Jesus set a sinless example of how to obey the Mosaic Law, including keeping the 7th day holy, so he was much more religious and zealous for keeping it than the Pharisees were. He never criticized the Pharisees for obeying the Mosaic Law, but he did criticize them for not obeying it or for not obeying it correctly, so his purpose in criticizing them was not to get them to stop obeying what God commanded them to do, but in order to call them to a fuller obedience to it. For example, in Matthew 23:23, Jesus said that tithing was something that they ought to be doing while not neglecting weightier matters of the law of justice, mercy, and faith, and in Mark 7:6-9, he criticized them for setting aside the commands of God in order to establish their own traditions. In other words, his problem with the Pharisees was not that they were too religious, but that they were not religious enough.
In Matthew 4:17-23, Jesus began his ministry with the Gospel message to repent for the Kingdom of God is at hand, and the Mosaic Law is how his audience knew what sin is, so the sum of everything that Jesus taught in the NT by word and by example was to obey the Mosaic Law, which means that the degree to which you obey the Mosaic Law is the degree to which you value what he taught in the NT. Jesus did not establish the New Covenant in order to undermine anything that he spent his ministry teaching by word or by example, but rather the New Covenant was given for a time when the Israelites would return to obedience to the Torah (Jeremiah 31:33). Changing the medium upon which God's law is written from stone to our hearts so that we will obey it does not change the content of what it instructs us to do. The Spirit also has the role of leading us to obey the Torah (Ezekiel 36:26-27). In Romans 8:4-7, those who walk in the Spirit are contrasted with those who have minds set on the flesh who refuse to submit to God's law.
The Mosaic Law is how the Israelites knew what sin is and how we know what sin is (1 John 3:4), and we are obligated to refrain from what God has revealed to be sin through His law regardless of whether or not someone considers themselves have been given God's gift of getting to be under it. You should consider being judged by the law to be far preferable than to perish apart from it. In Psalms 119:29, David wanted God to be gracious to him by teaching him to obey the Mosaic Law, so that is what it means to be under grace and mercy, while wanting to not be under it is rejecting God's grace and mercy.
All of the commandments that God has given were specifically chosen in order to teach us how to love Him, which is why there are many verses in both the OT and the NT that associate our love for God with our obedience to Him.
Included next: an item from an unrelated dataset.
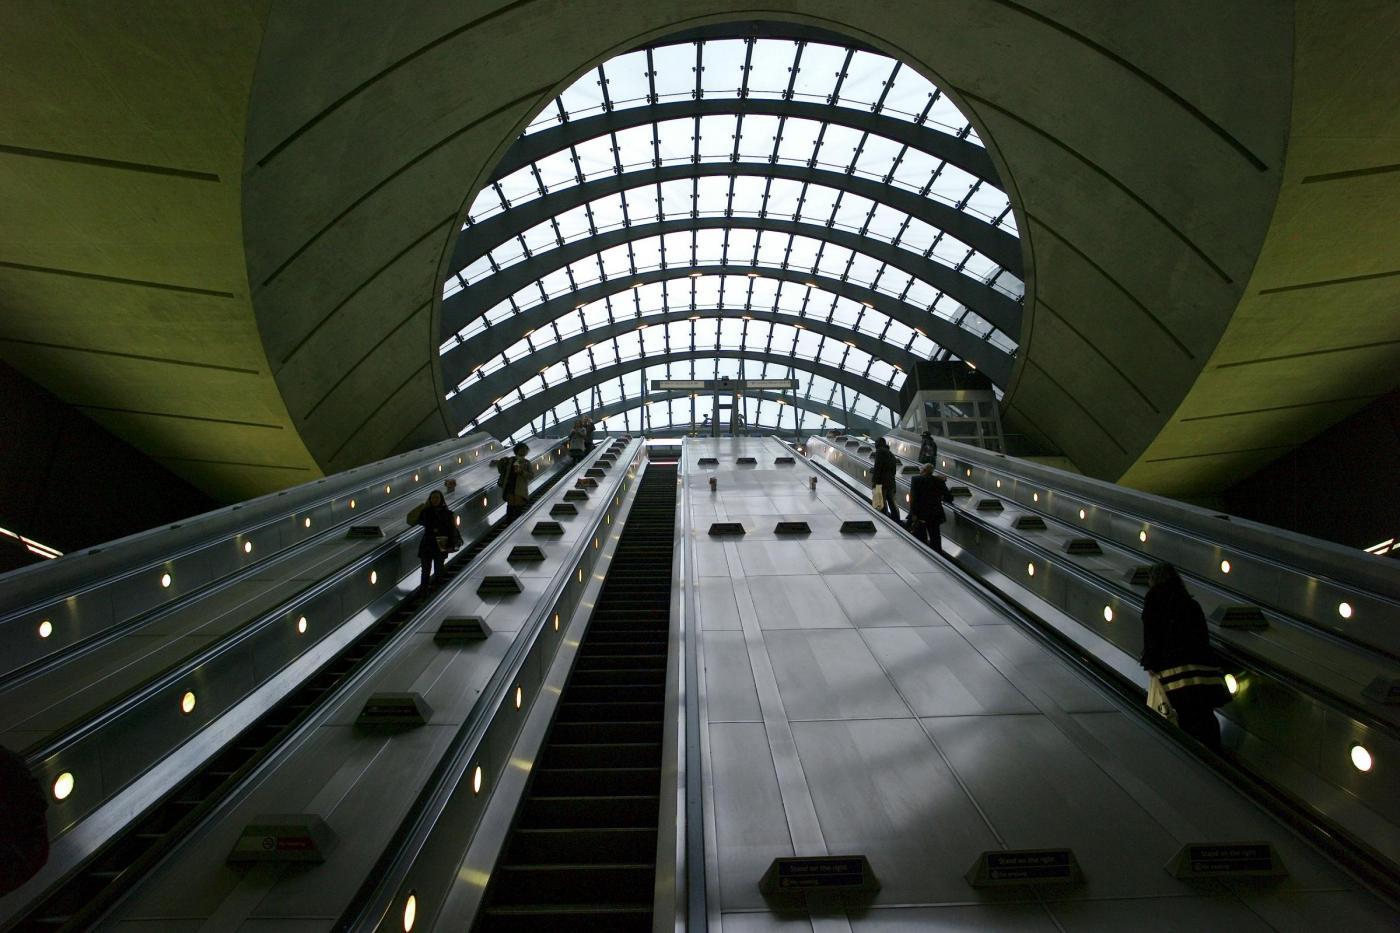 La Metro di Londra compie 150 anni05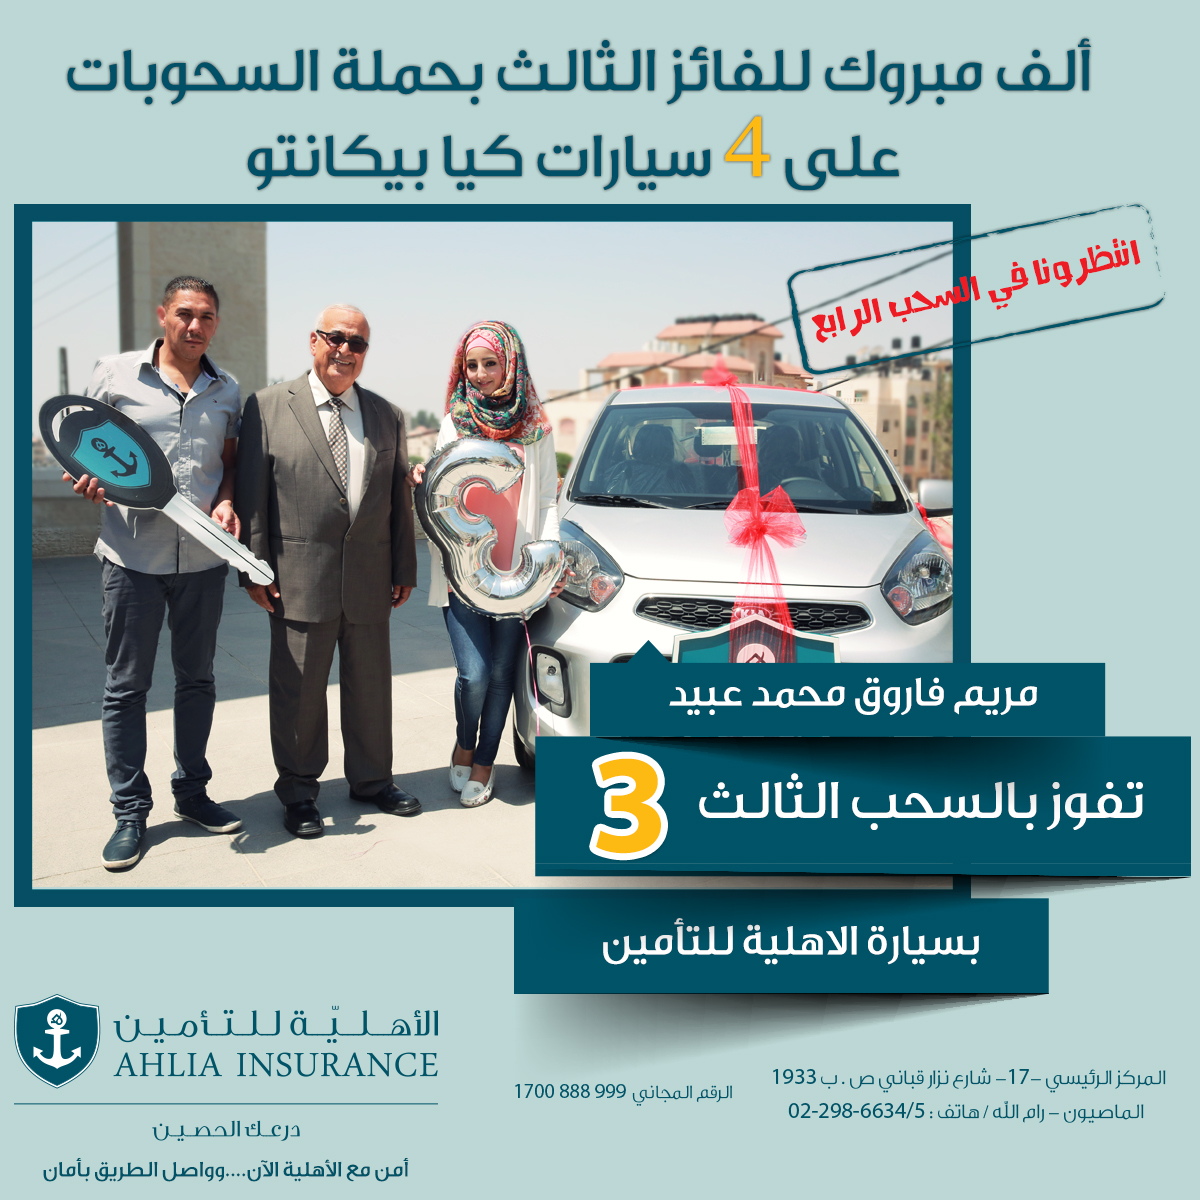 المجموعة الأهلية للتأمين تجري السحب الثالث وتعلن اسم الفائز بسيارة كيا بيكانتو 2015

For example, in John 14:23-24, Jesus said that anyone obey loves him will obey his teachings, anyone who does not love him will not obey his teachings, and his teachings were not his own, but that of the Father, so anyone who refuses to come under what the Father has taught does not love Jesus, especially when everything that the Father has taught was specifically taught for the purpose of teaching us how to love Jesus.
It is not being a legalist to think that followers of God should follow what God has
command, but rather it is a sin not to. There is no need to remove the letters of Galatians and Colossians from the Bible, but rather there is only the need not to interpret those letters as speaking against obeying God's word.